■ Task brief ■
Take the line that contains "Ein Monotypie-Kunstdruck auf Arches-Papier." as the start and the last line of the entries as the end, and print both and everything between them exactly, without the pictures.

-=-=-

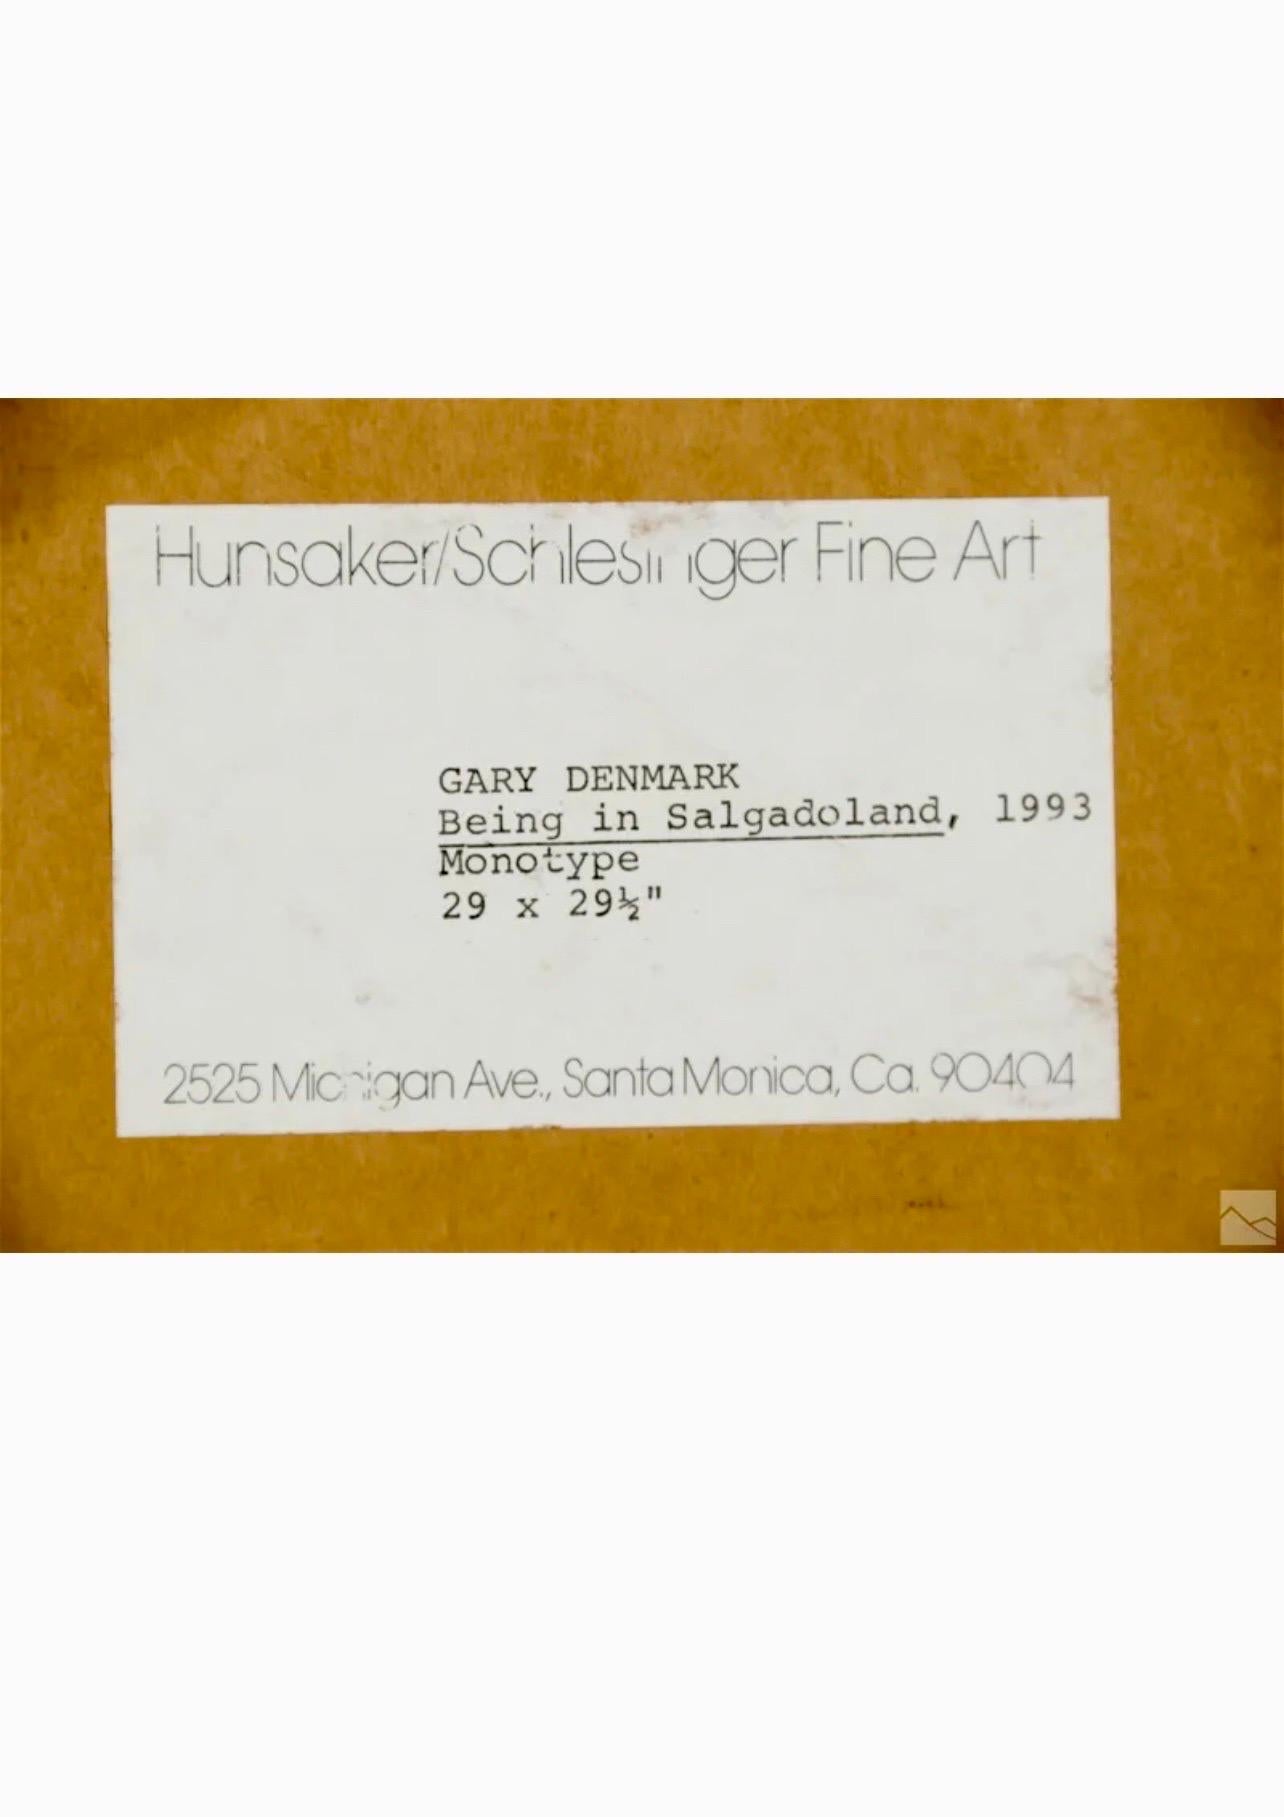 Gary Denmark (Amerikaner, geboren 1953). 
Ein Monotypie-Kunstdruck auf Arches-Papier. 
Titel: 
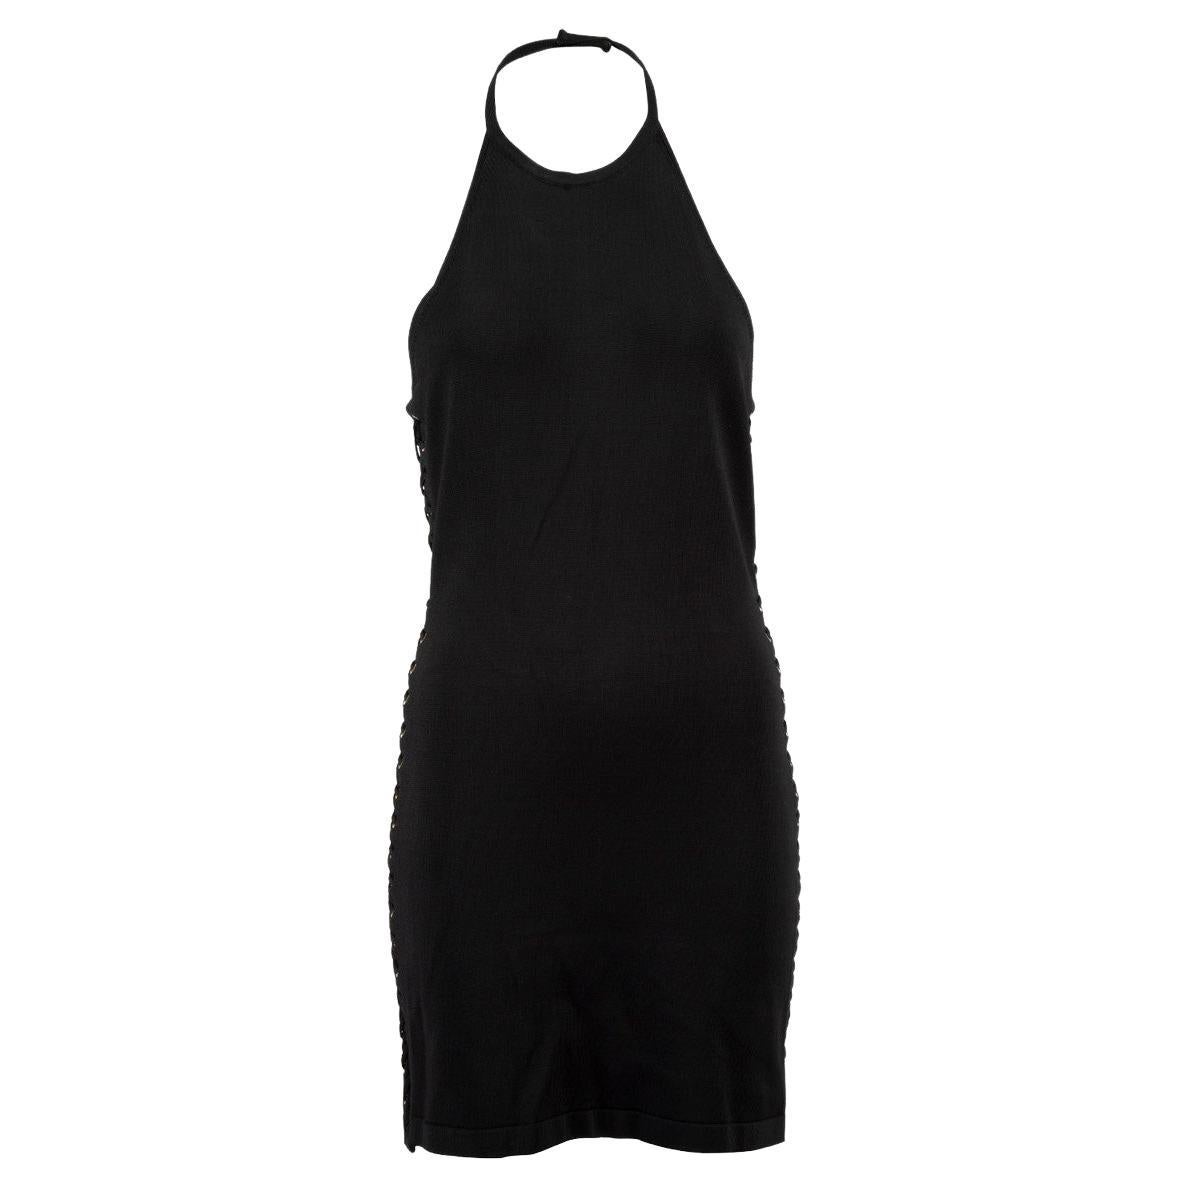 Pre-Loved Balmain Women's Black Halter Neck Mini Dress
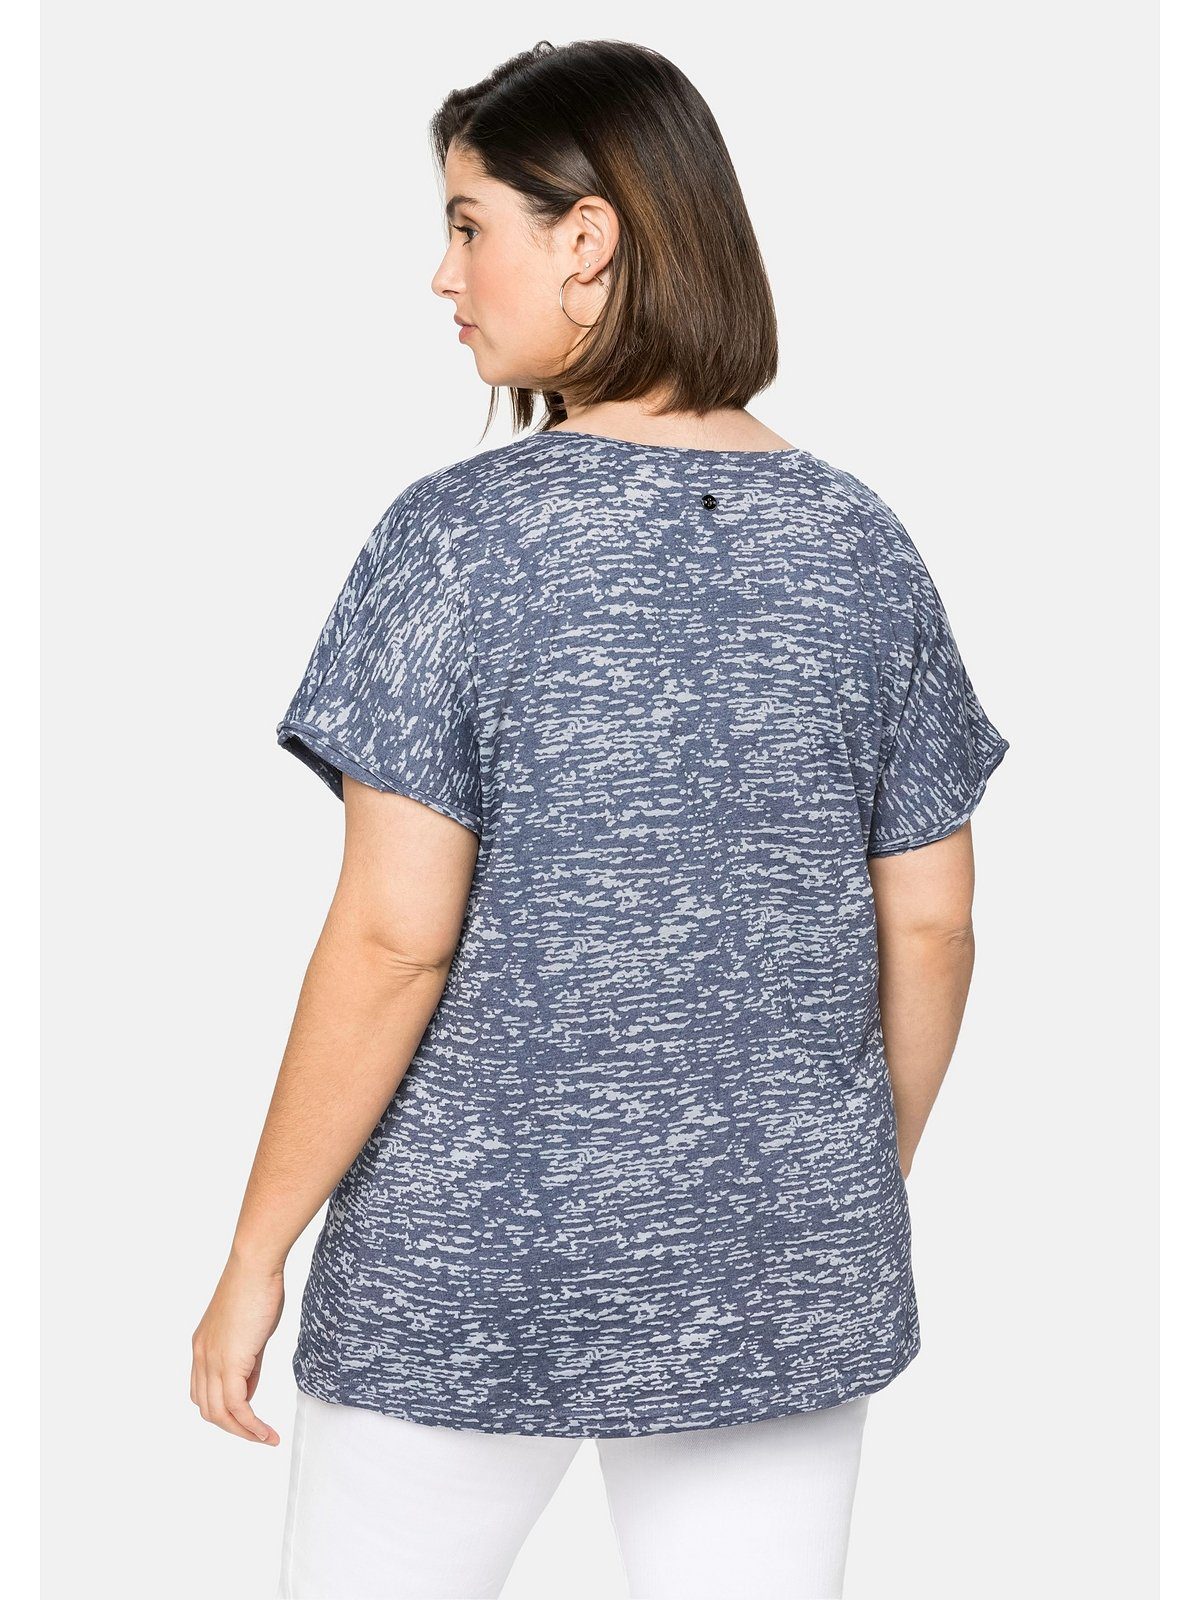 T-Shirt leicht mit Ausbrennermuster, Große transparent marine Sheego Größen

-=-=-

■ Task response ■
Ein Monotypie-Kunstdruck auf Arches-Papier. 
Titel: 
 Pre-Loved Balmain Women's Black Halter Neck Mini Dress
 T-Shirt leicht mit Ausbrennermuster, Große transparent marine Sheego Größen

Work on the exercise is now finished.